Gabriel
30/12/2021
This Shiny Application is a smart keyboard that predicts text similar to the one developed by SwiftKey.
The app runs on a predictive text mining model. The model was trained on HC Corpora data set provided by Coursera and SwiftKey. The language is English.
I will be giving a short description of both the prediction model and the application in this presentation.
The app can be accessed at: https://cogabi.shinyapps.io/WordPrediction/
The basic building block of a language prediction model is an n-gram which is a continuous sequence of n words. For this app, I have assembled a collection of 1-grams, 2-grams and 3-grams, extracted from the HC Corpora.

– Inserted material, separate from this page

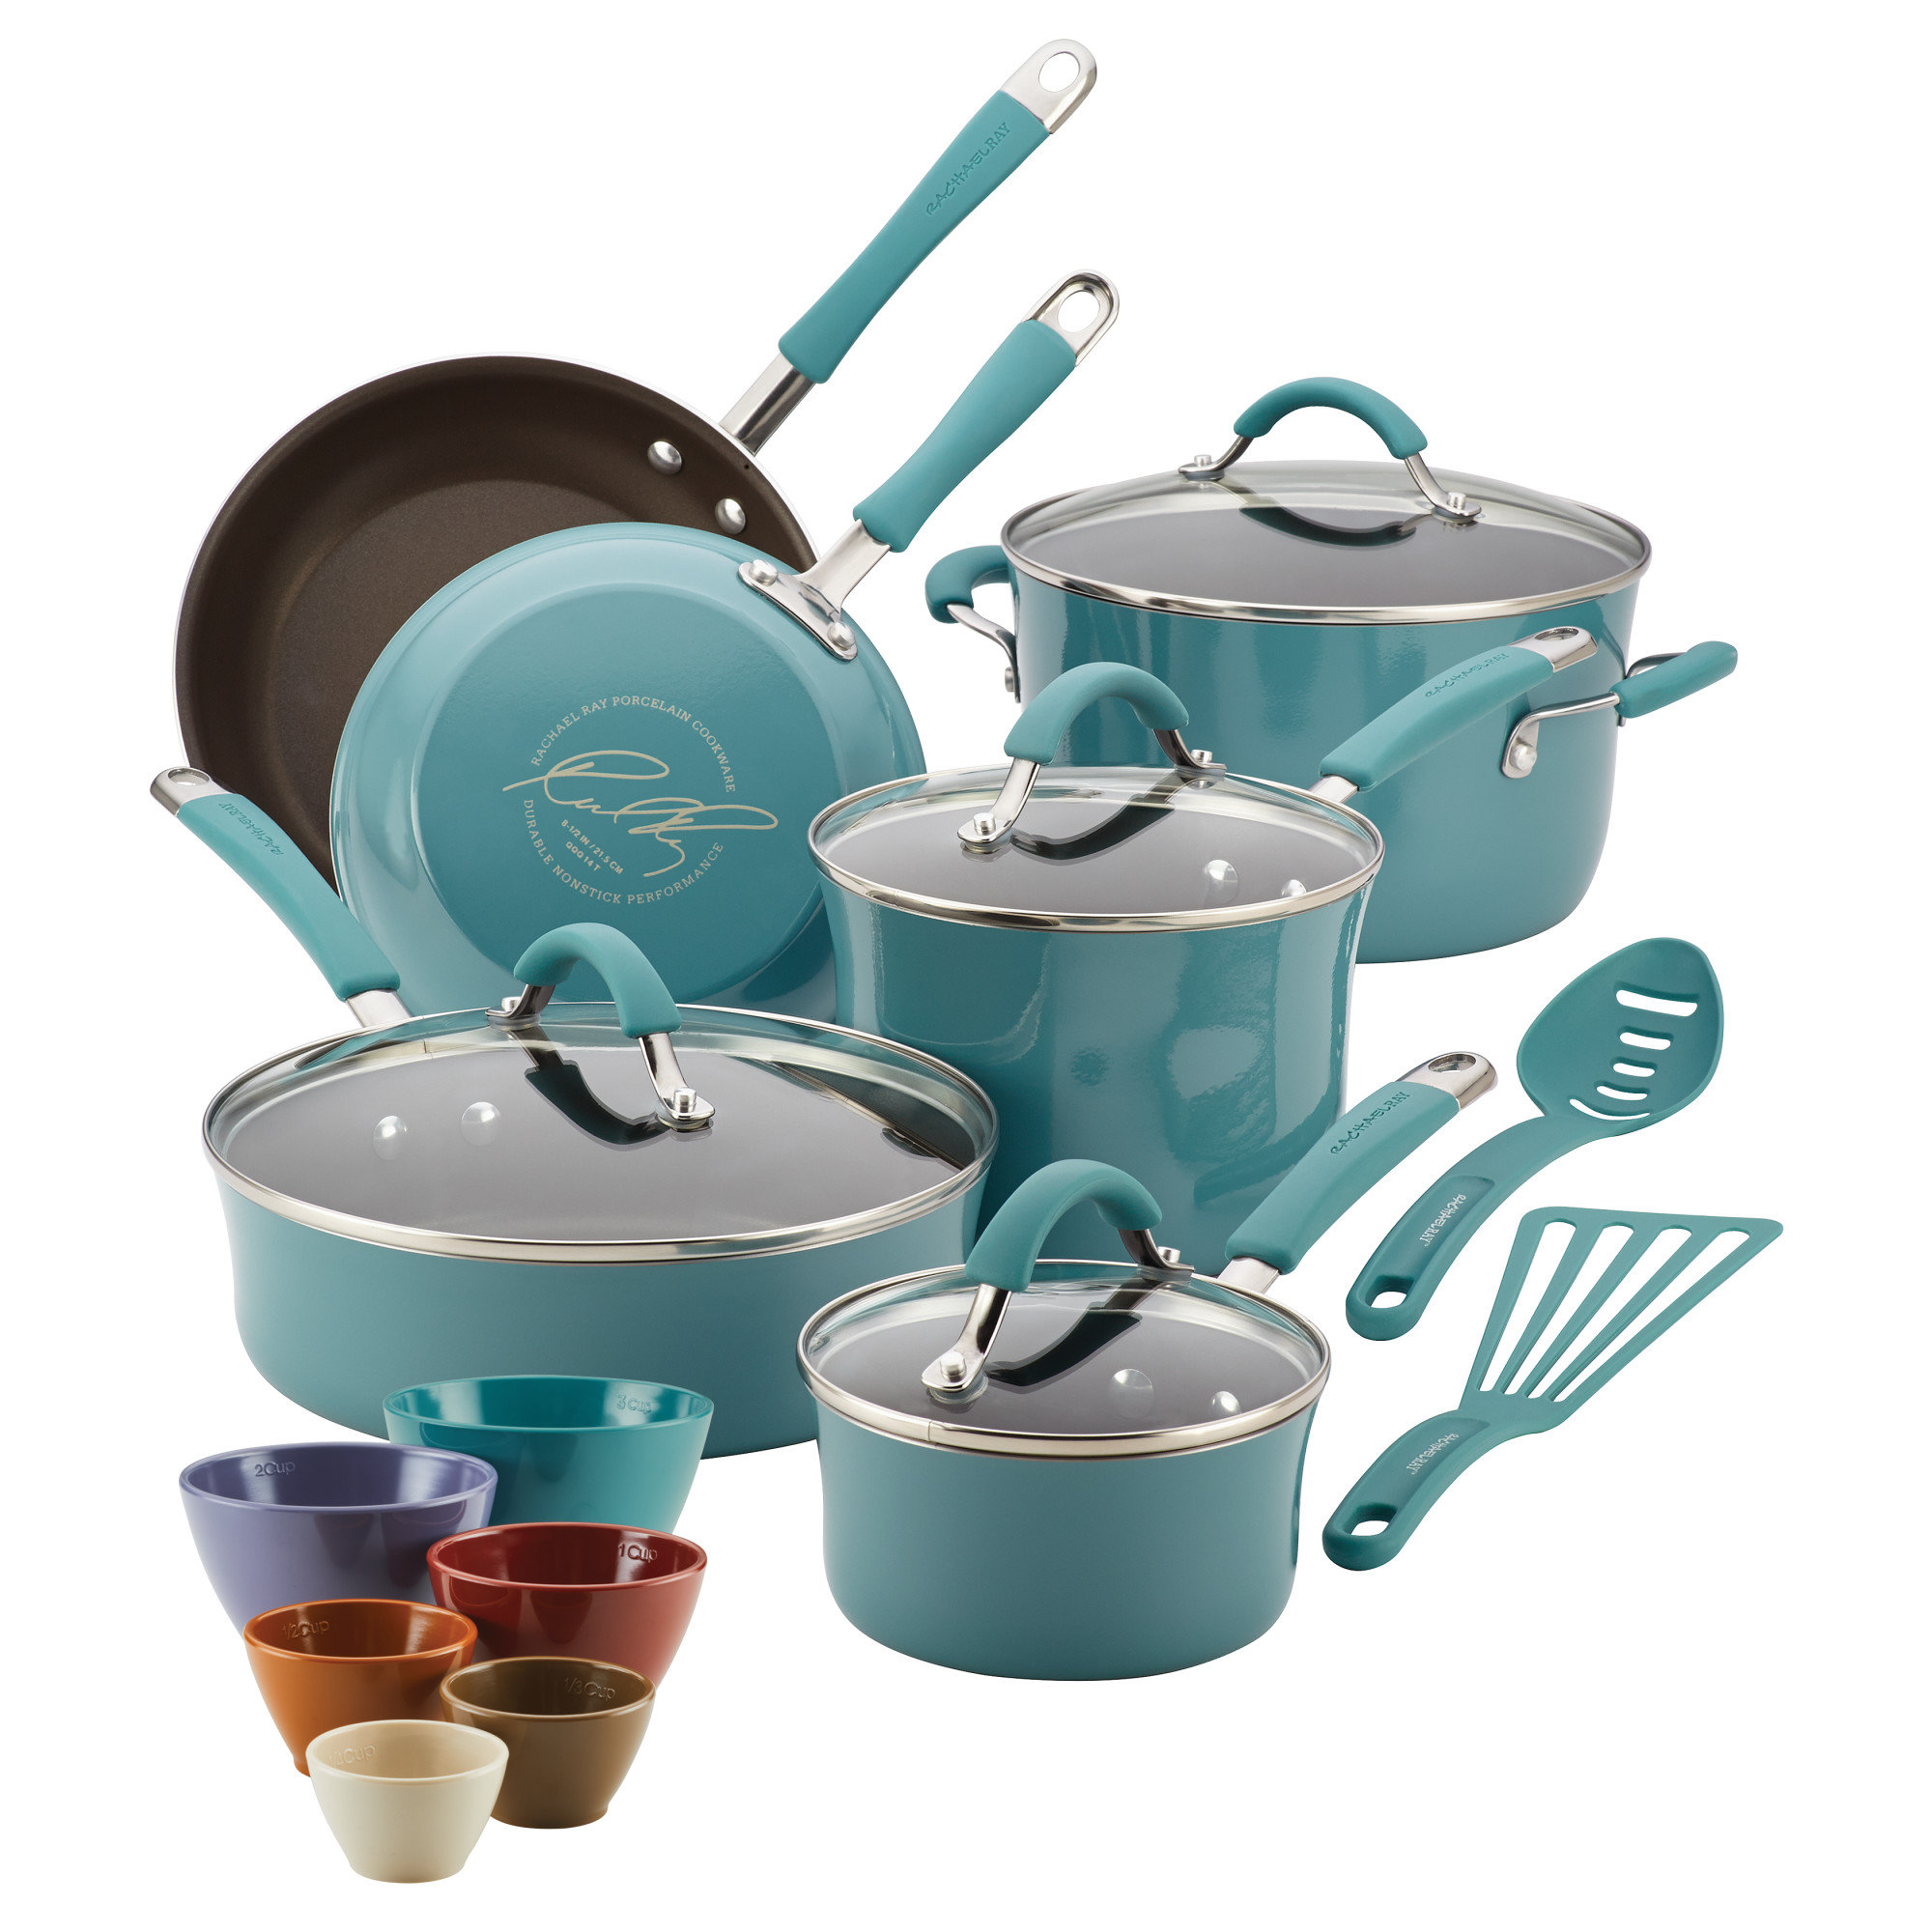 https://assets.wfcdn.com/im/67311981/compr-r85/1950/195015455/rachael-ray-cucina-nonstick-cookware-and-prep-bowl-set-18-piece.jpg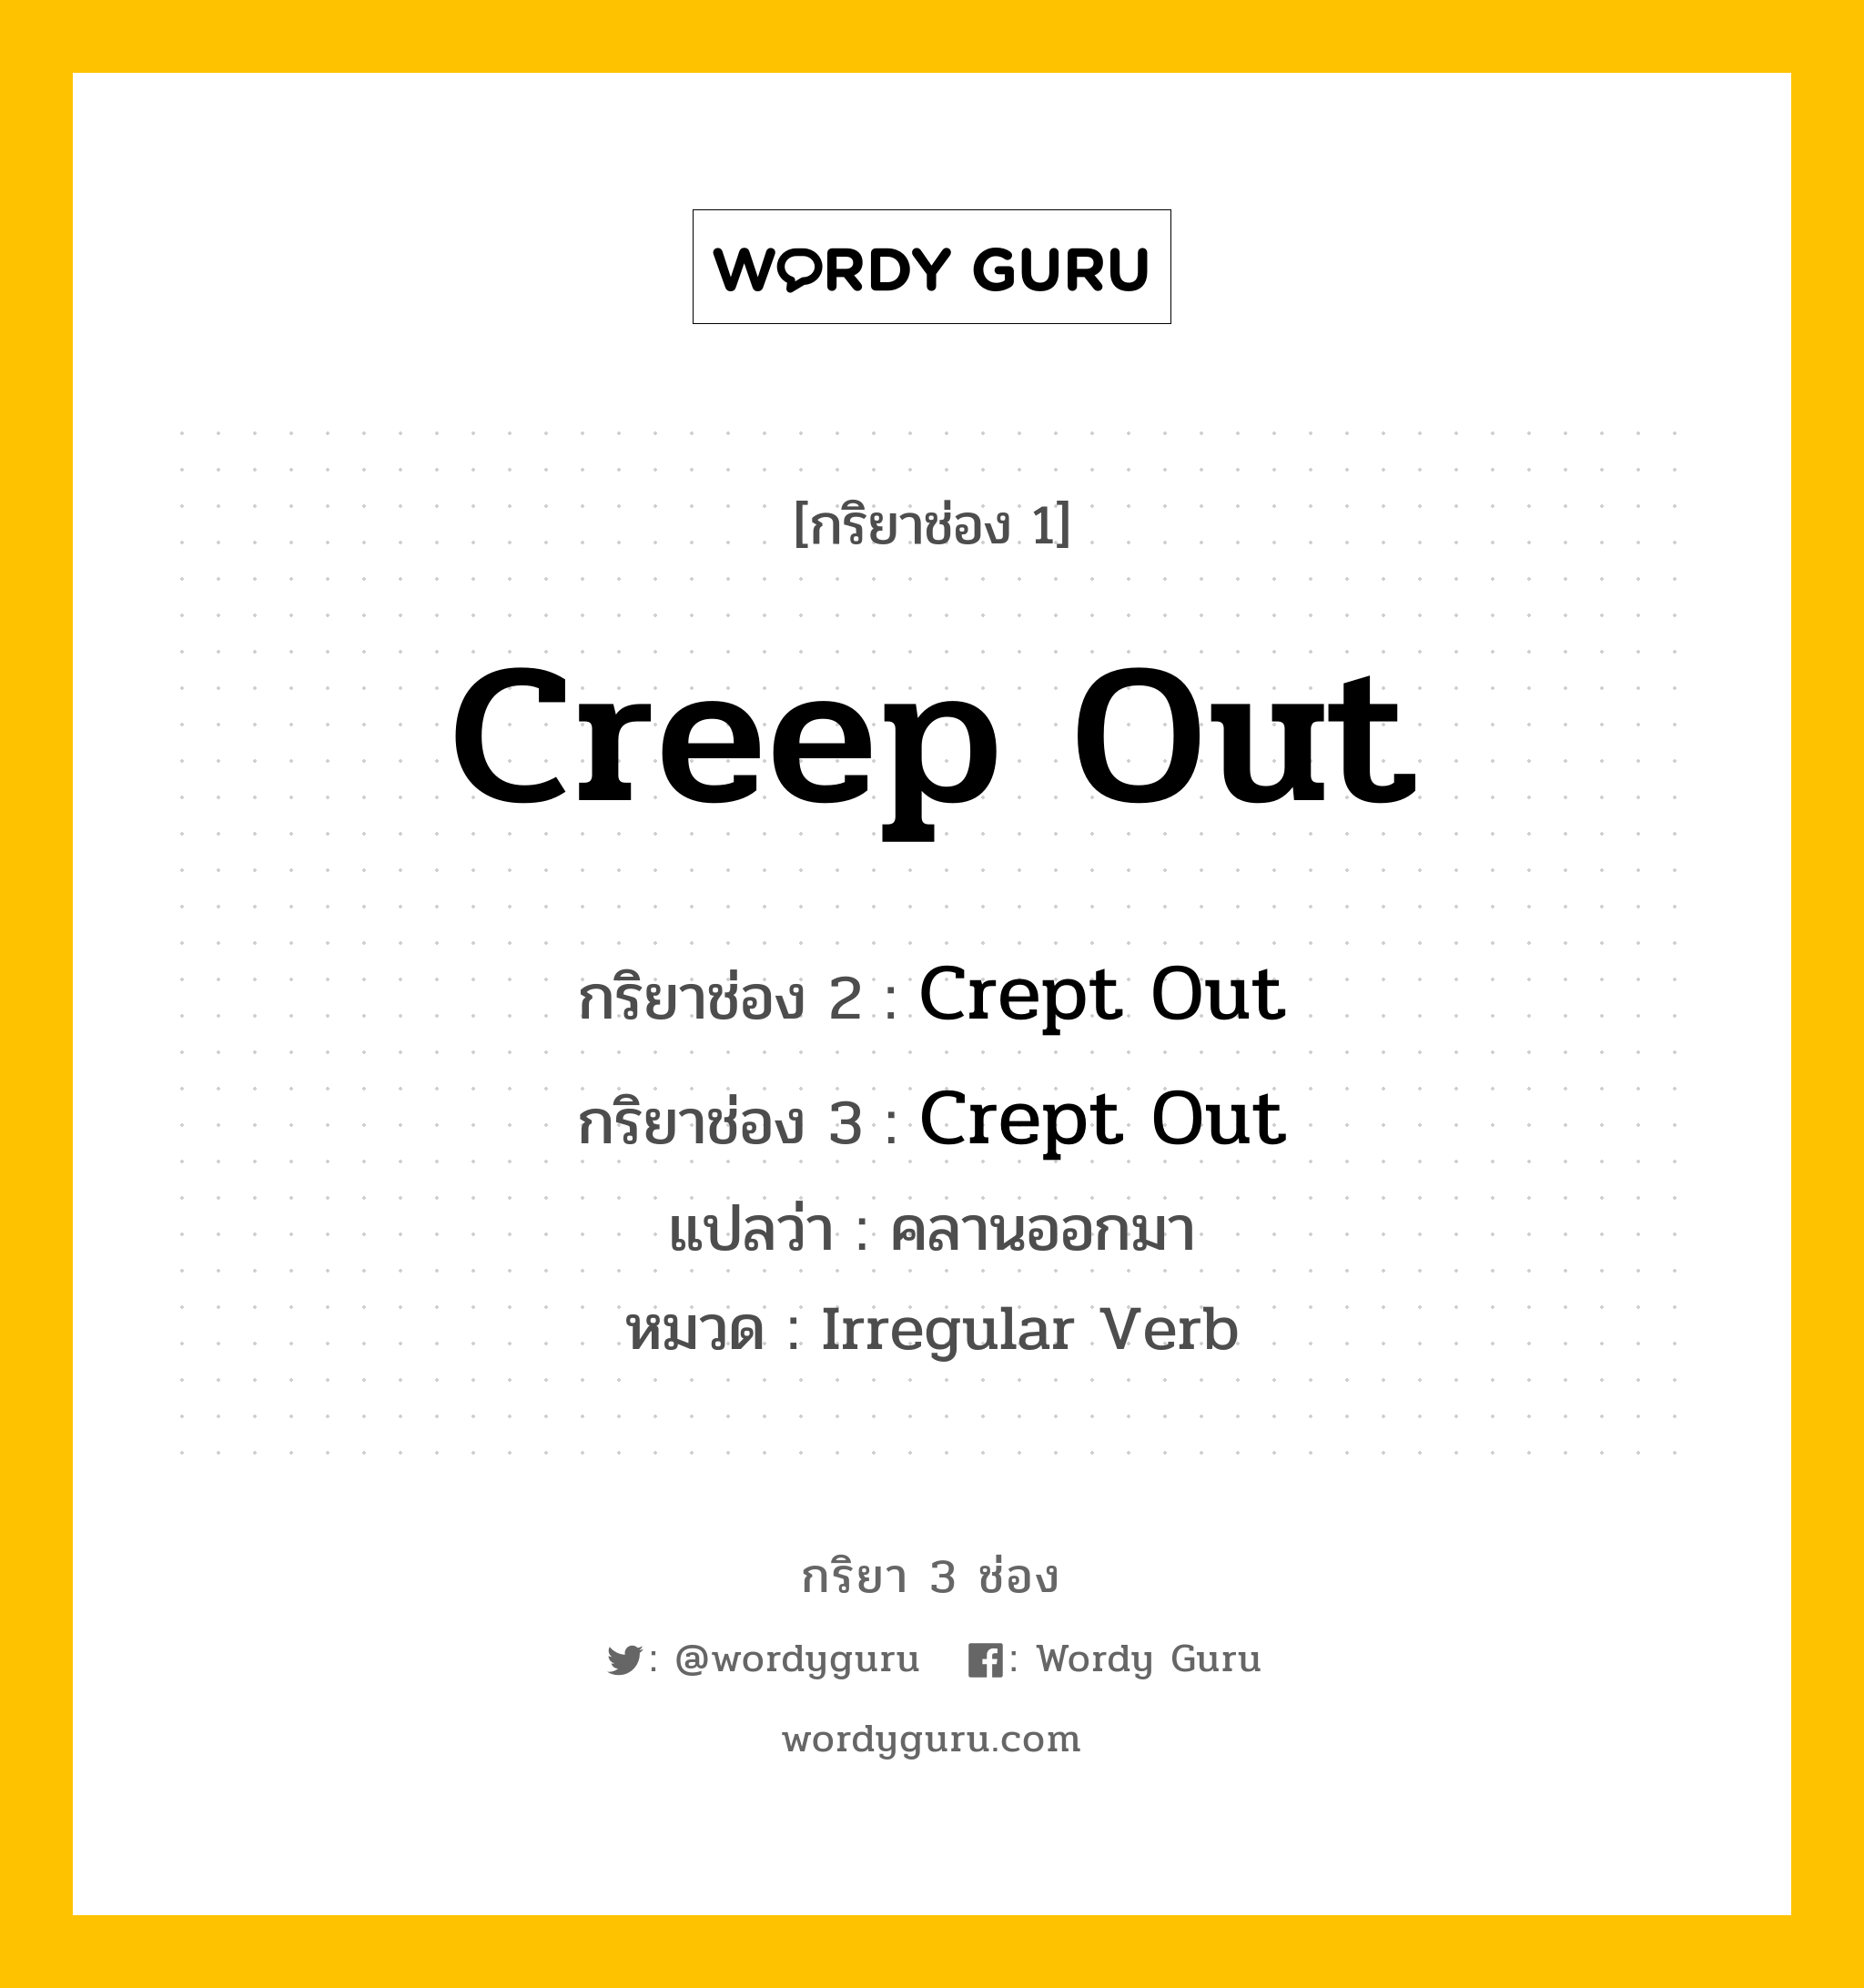 กริยา 3 ช่อง: Creep Out ช่อง 2 Creep Out ช่อง 3 คืออะไร, กริยาช่อง 1 Creep Out กริยาช่อง 2 Crept Out กริยาช่อง 3 Crept Out แปลว่า คลานออกมา หมวด Irregular Verb หมวด Irregular Verb

The algorithm behind the app is an implementation of Katz's Back-off model. The basic concept of this model is that a conditional probability is estimated for a word given its history in the n-gram. The algorithm first estimates probabilities using 3-grams (last 3 words), then if none are observed, it moves to the 2-grams (last 2 words) and if no bigrams exist, it estimates using 1-gram (last word) probabilities.
The model also uses a smoothing method to account for the probability of unseen N-grams. An absolute discount value is selected which artificially lowers the counts of observed trigrams and gives some probability to unobserved ones.
A lot of preparation has been done to the data before passing it to the model. Therefore, no capital letters, punctuation marks, special characters or numbers are present.
One of the best features of the applications is its ease of use. Simply type words separated by space in the text field and the algorithm will find the best word to finish your sentence. However, if any words are not in the dictionary of the model, you might get an error. The best approach is to type the first word and let the app suggest the continuation.
The app will produce 5 buttons with predictions for the next possible word with likelihoods decreasing from left to right. By simply clicking on one of these buttons, you can add the word to the text box and complete the sentence. The app will automatically predict the next word. If you do not like any of the choices, you can type a word yourself.
The app takes a bit to load the data at the start, but after that it runs very quickly!
Thank you for your attention!